At first I saw the sale of Sterling Cooper to Putnam Powell and Lowe (aka, the Brits) as the sort of thing dramatic series television has to do to stay fresh — that is, import some villains. Conflict = drama is Screenwriting 101, and when you’ve created a fairly vast cast and made them all “interesting,” the big risk is that the audience is going to start liking them, too, and then you end up with shows like “M*A*S*H,” where everyone wears a halo by the time the Very Special episodes roll around, and after that — meh. So you bring in some antagonists. “The Sopranos” paroled a new one every season: Richie Aprile, Ralph Cifaretto, Feech La Manna, Tony Blundetto et al. The crime-family story structure made it perfectly acceptable to bump each one off when their dramatic possibilities had been fully explored. Tony even said it out loud, before making his move on Feech: “Did I learn nothing from Richie Aprile?” Your writers sure did, Ton’. Other shows have to make do with more ridiculous farewells; remember when “L.A. Law” threw Rosalind Shays down the elevator shaft? That was awesome.

So the Brits, with their terrible swift sword of cost-cutting and bean-counting, are this season’s bad guys. I’m not so sure where they’re going with it, other than wacky symbolism — how amusing that the mower in question is an all-American John Deere. The show has too much respect for reality to have SC sold again at season’s end (at least I hope so). But once you’ve severed the foot of your parent company’s rising young star, you have to go somewhere with it, and I hope they have some ideas. If nothing else, it did wake up the season with a roar at close to its midpoint. I watched the scenes where Stumpy MacKendrick is being shown around the office, and was impressed by how…comtemporary he seemed, with his empty platitudes and English-accented bullshit. “You…are a very impressive young woman,” for instance. I can’t believe I used to swallow crap like that. I can’t believe people still dish it out.

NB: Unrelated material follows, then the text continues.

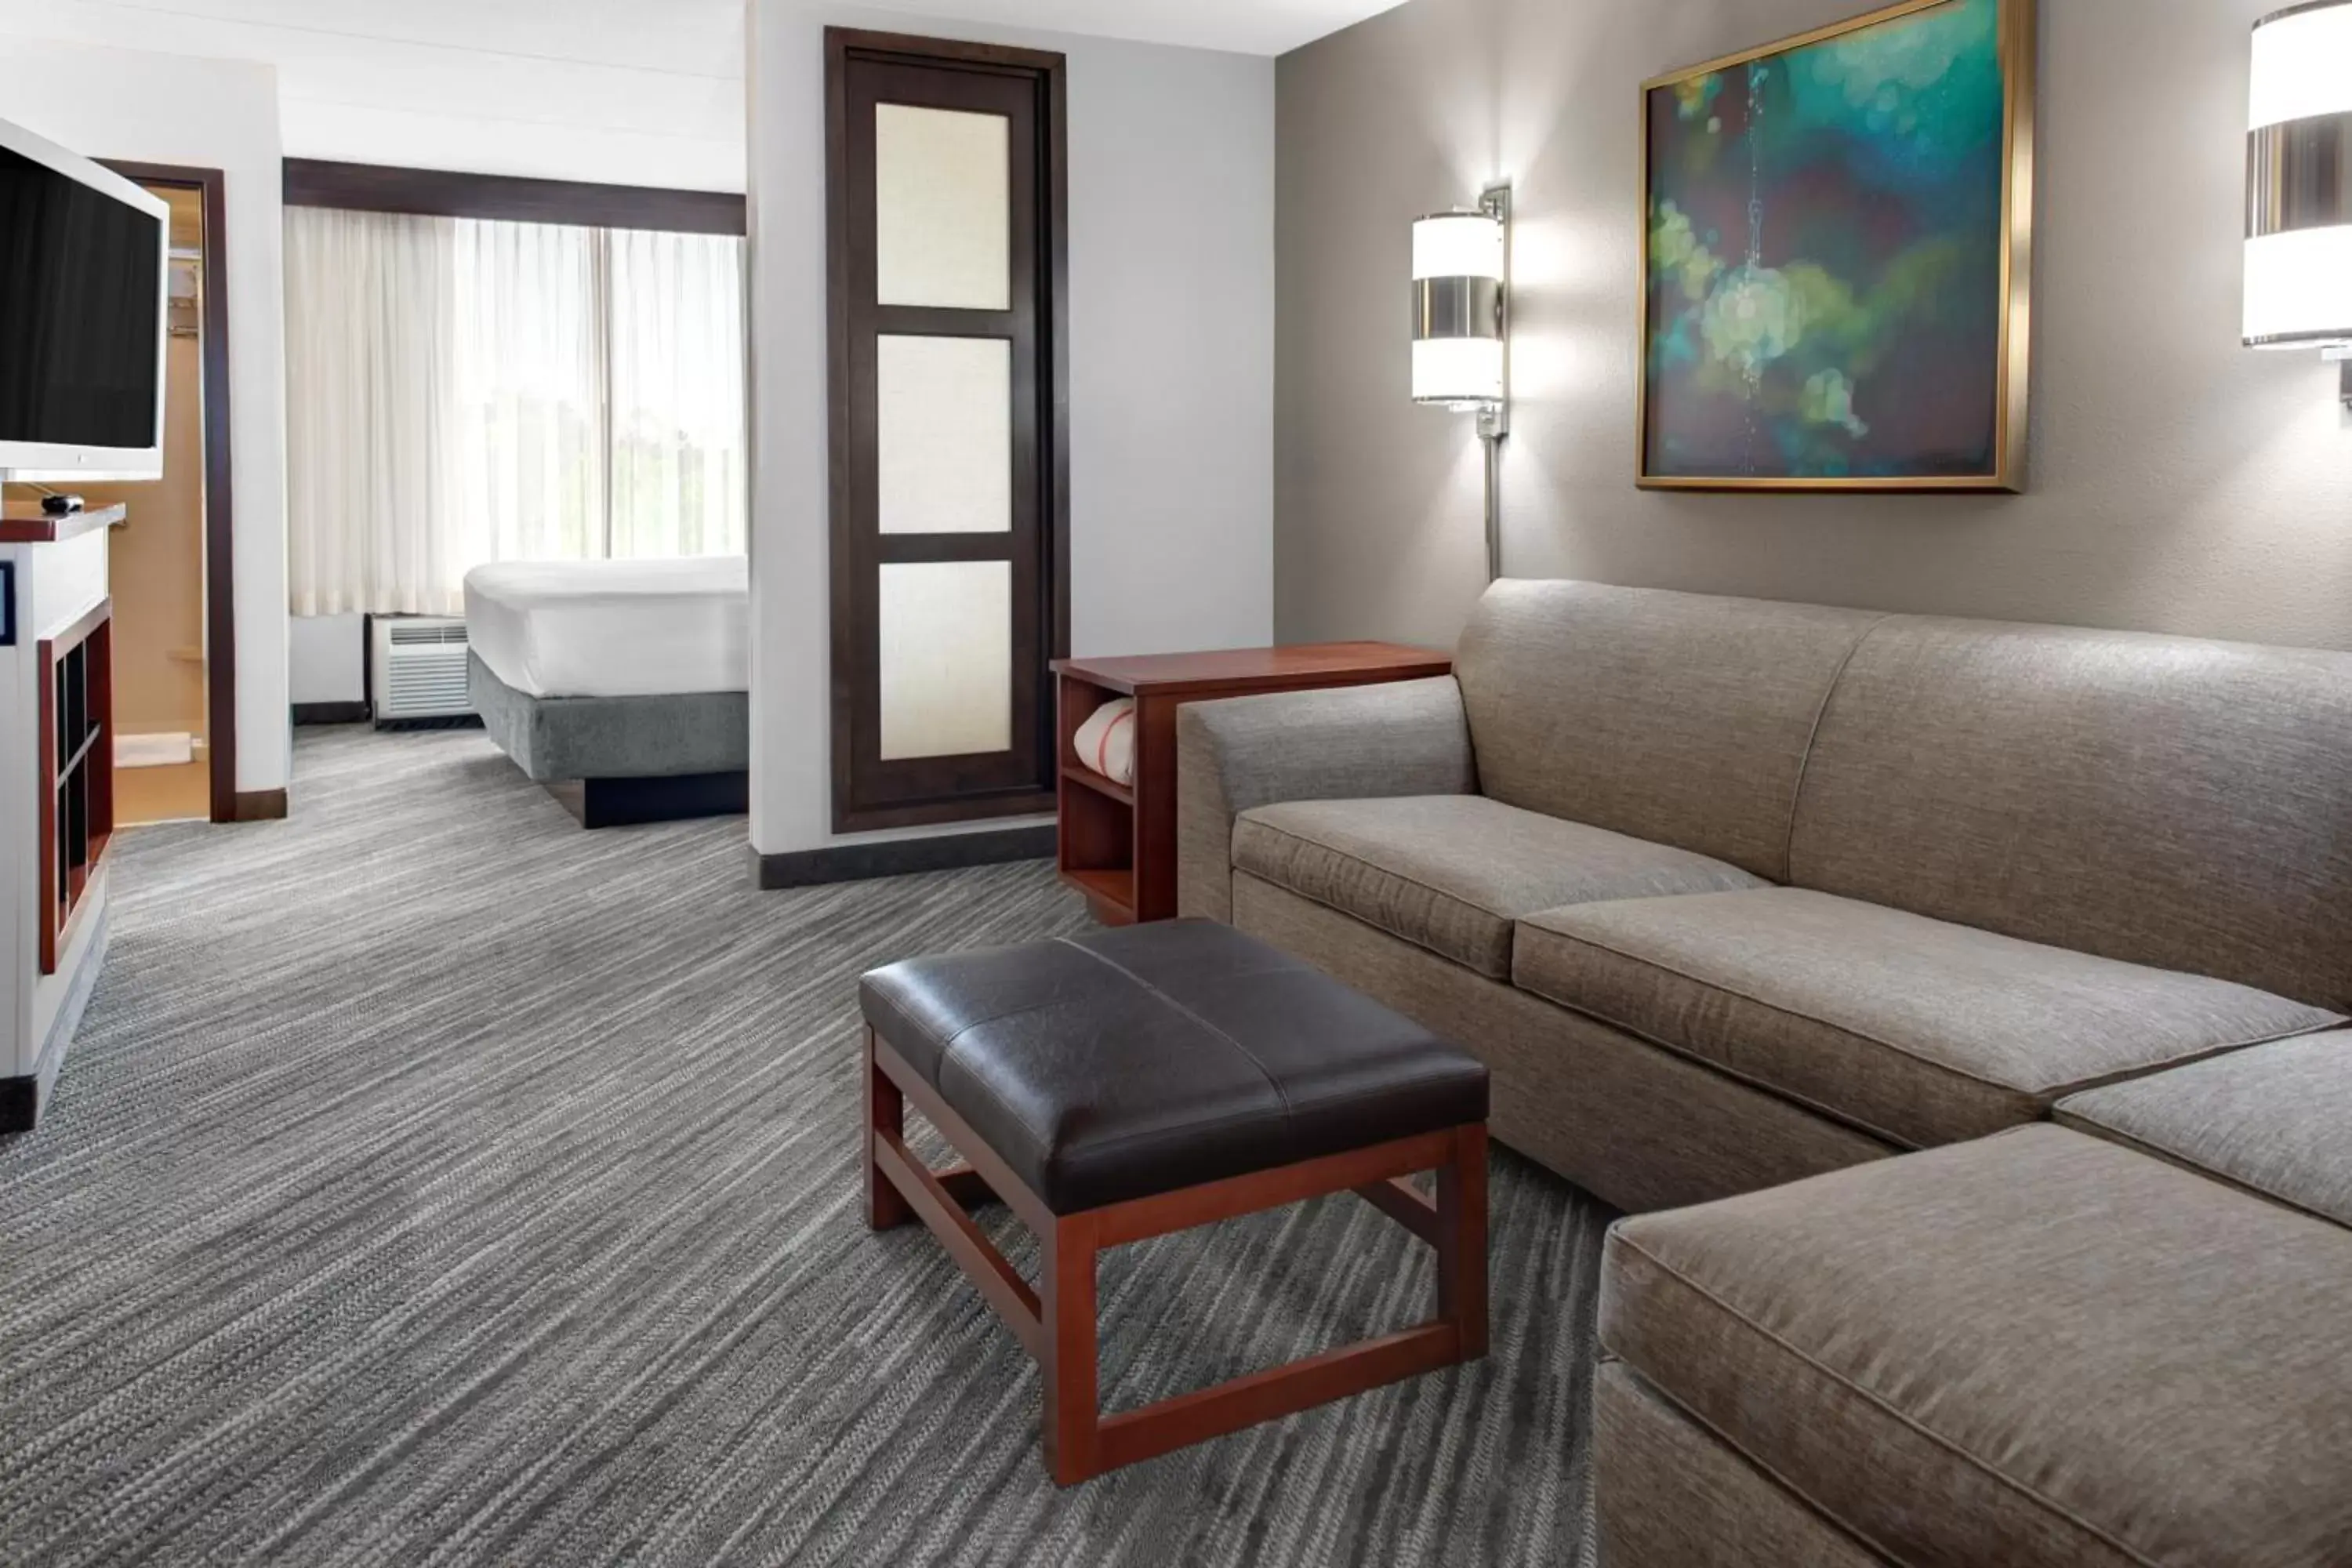 Specialty King Room with Sofa Bed in Hyatt Place Nashville Brentwood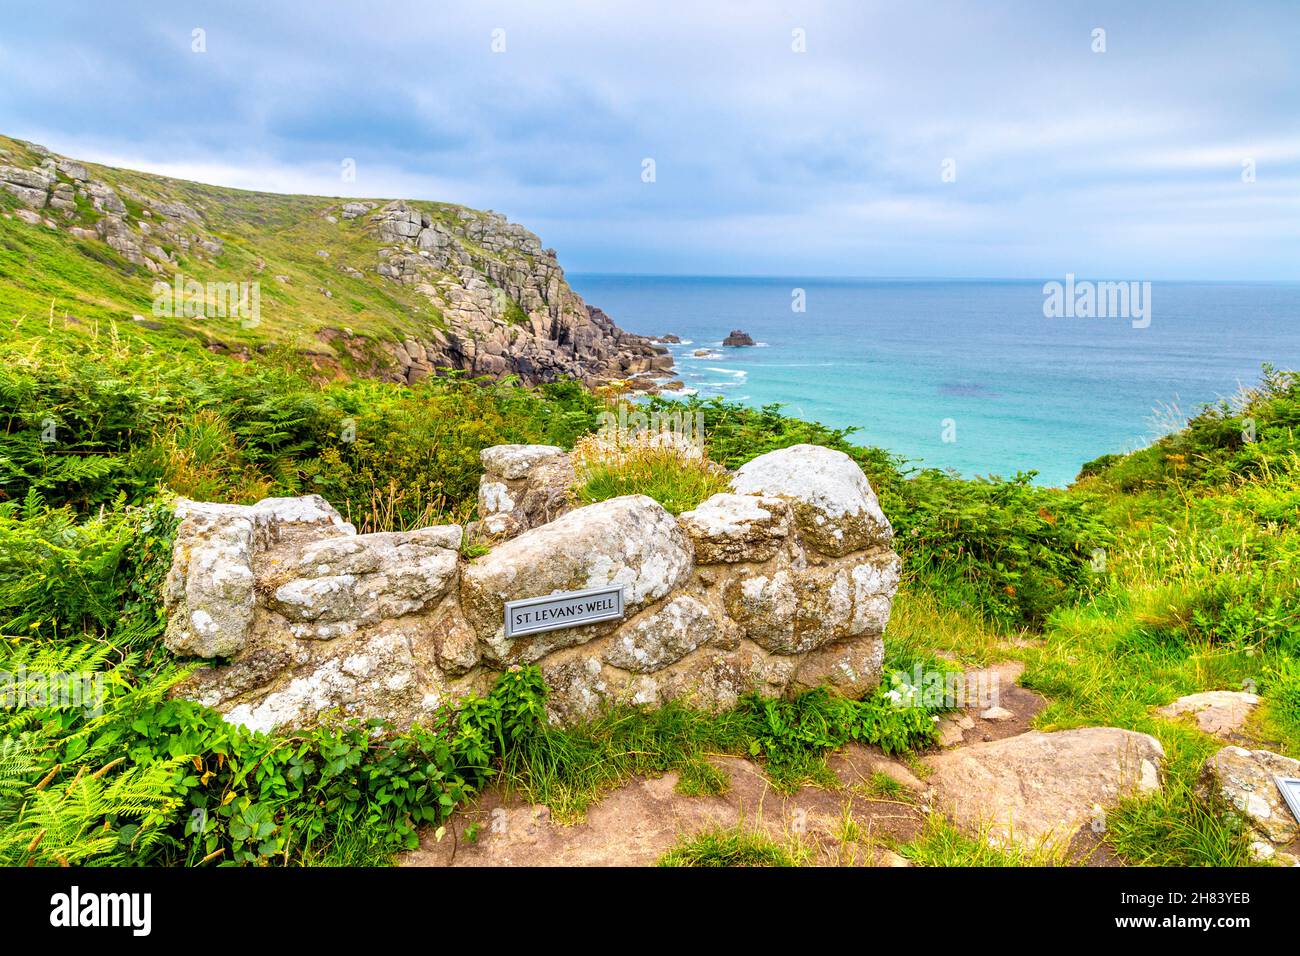 St. Levan's Holy Well near Porthcurno above Porthchapel beach along the South West Coast Path, Cornwall, UK Stock Photo

(One of my old bosses was fond of writing mash notes to her favorites, little missives I came to call Wowsers, because they all started the same way: WOW. The remainder was full of empty superlatives that by their very volume and pitch were transparent crapola: WOW. I have never read a story as moving and funny as yours. I feel so grateful and proud to work with such a magnificently talented staff...and so on. She would have felt right at home at Putnam Powell and Lowe.)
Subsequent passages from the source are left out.